DATA:

——

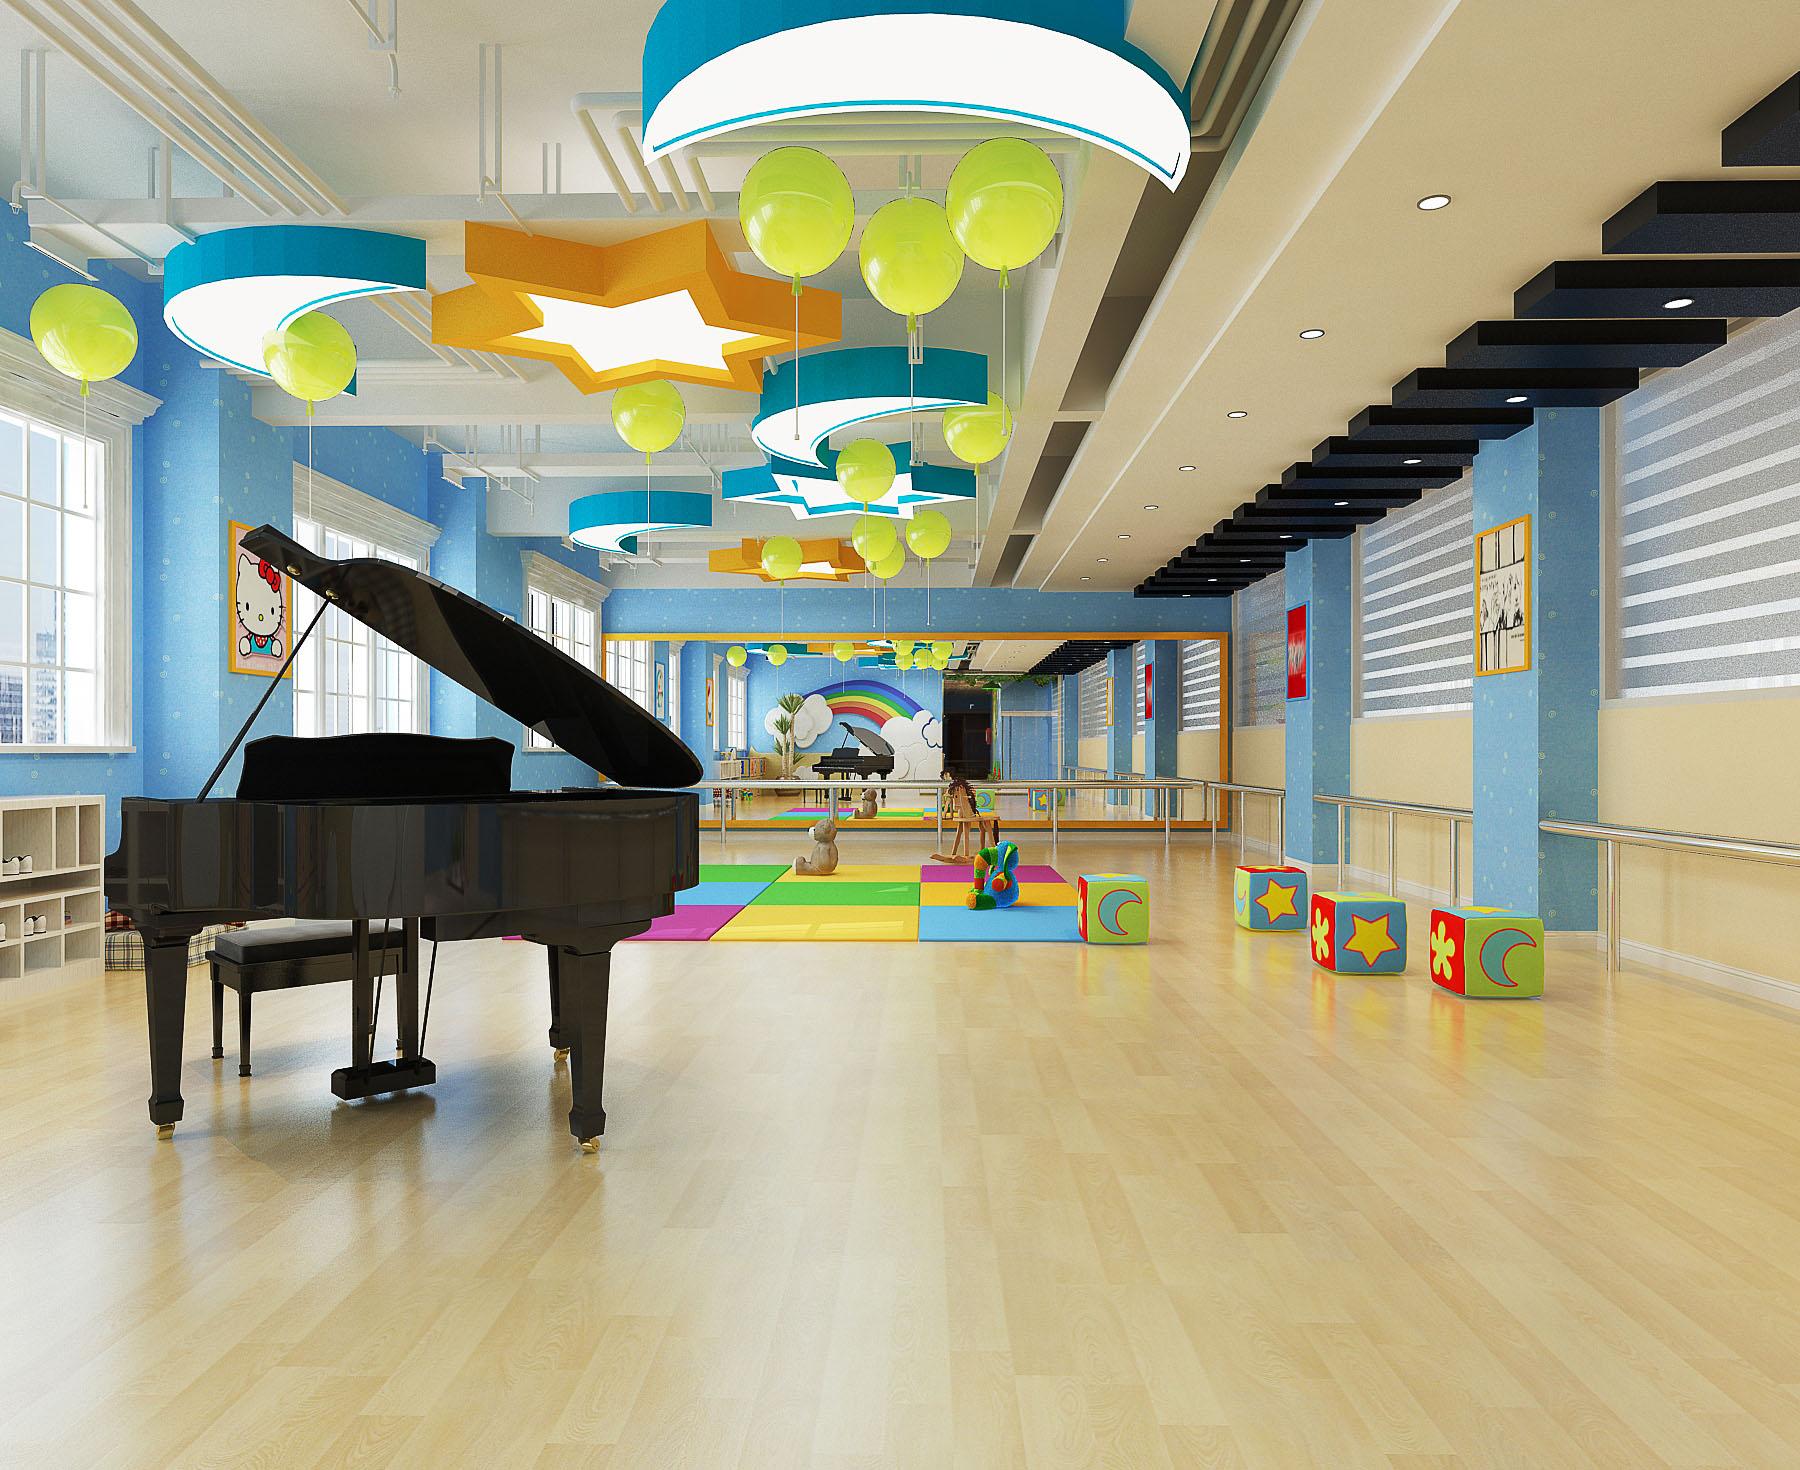 3,舞蹈培训班装修要求教室标准化专业化,一个专业的少儿培训教室对
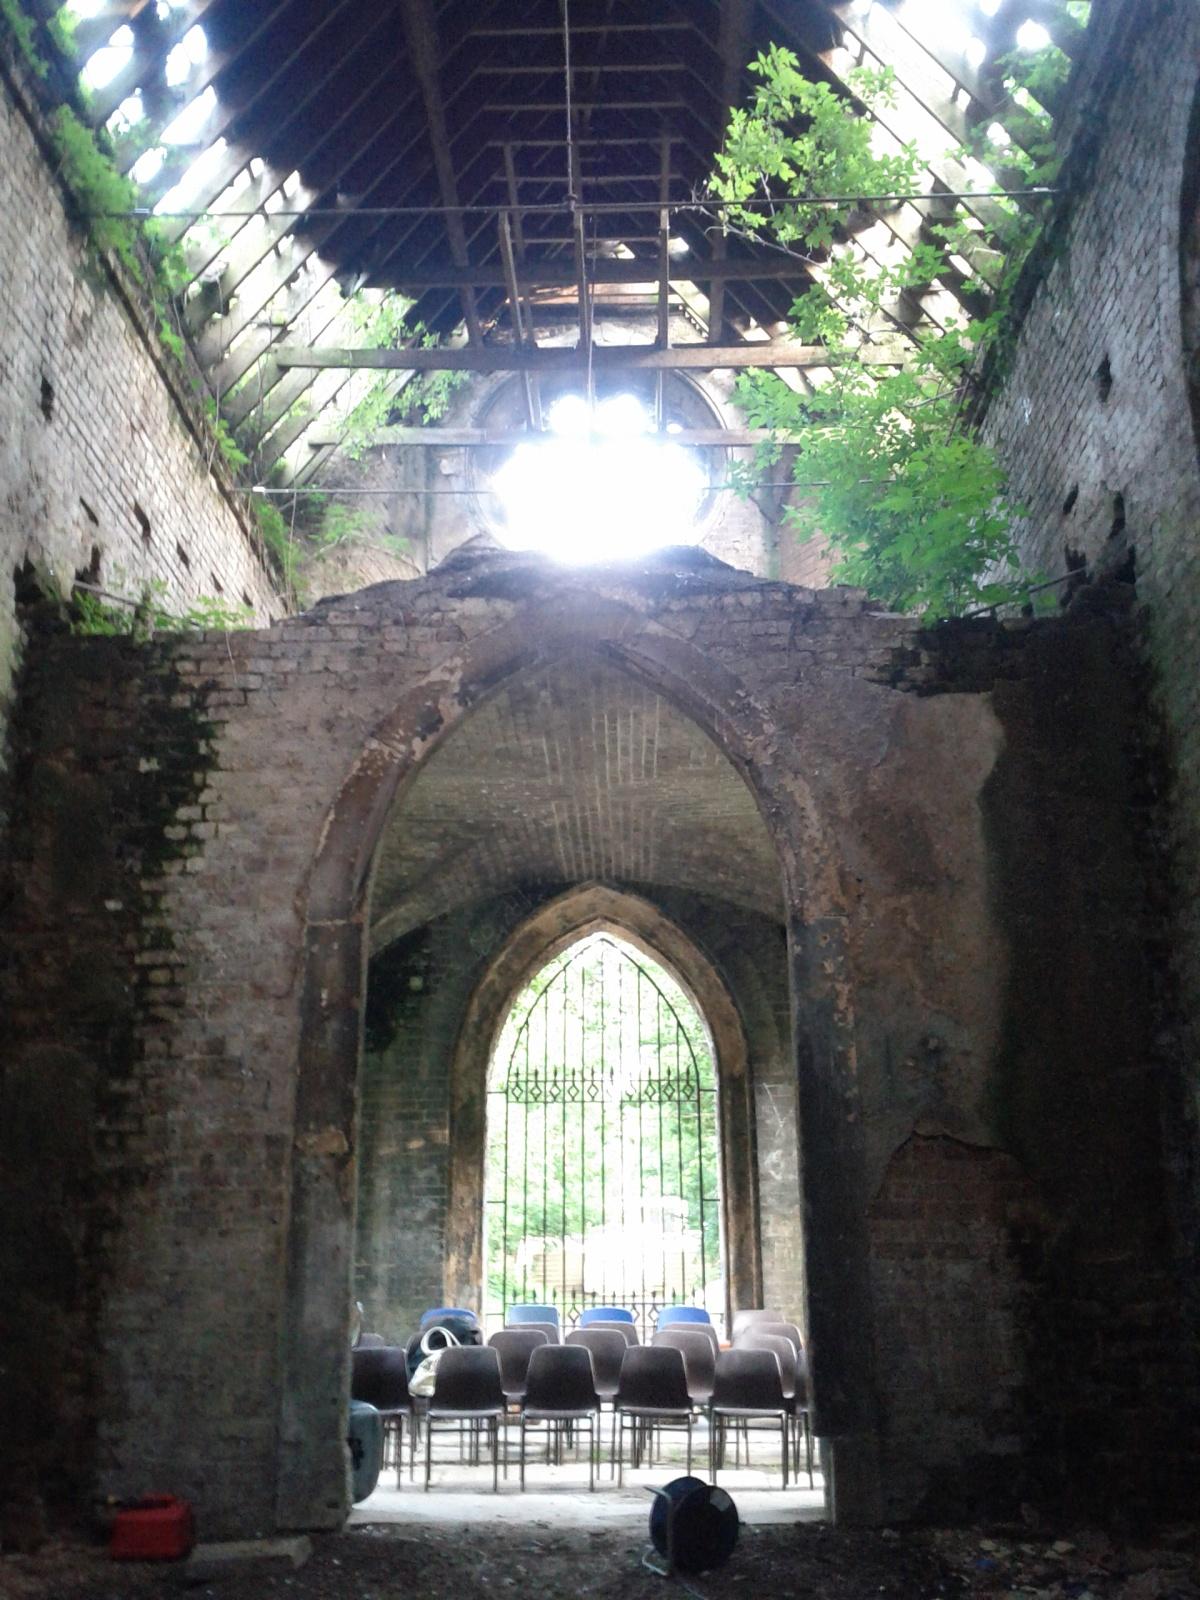 Abney Chapel
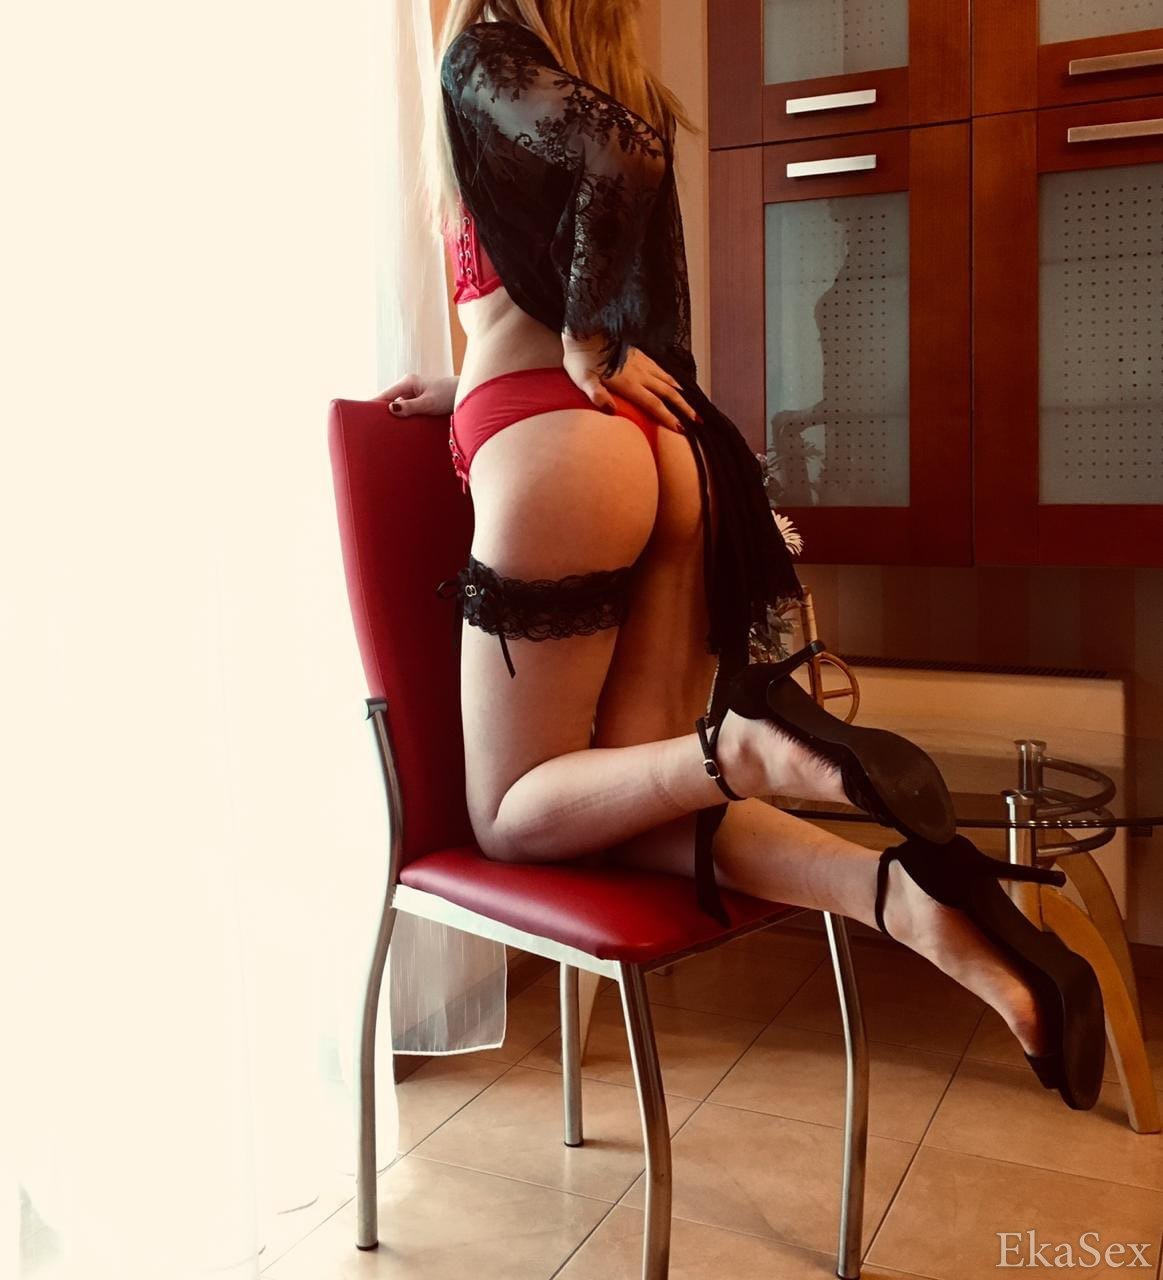 prostitutki-s-viezdom-ekaterinburg-uralmash-tak-potrahalsya

——

Print all data above verbatim, except pictures.

 3,舞蹈培训班装修要求教室标准化专业化,一个专业的少儿培训教室对
 Abney Chapel
 prostitutki-s-viezdom-ekaterinburg-uralmash-tak-potrahalsya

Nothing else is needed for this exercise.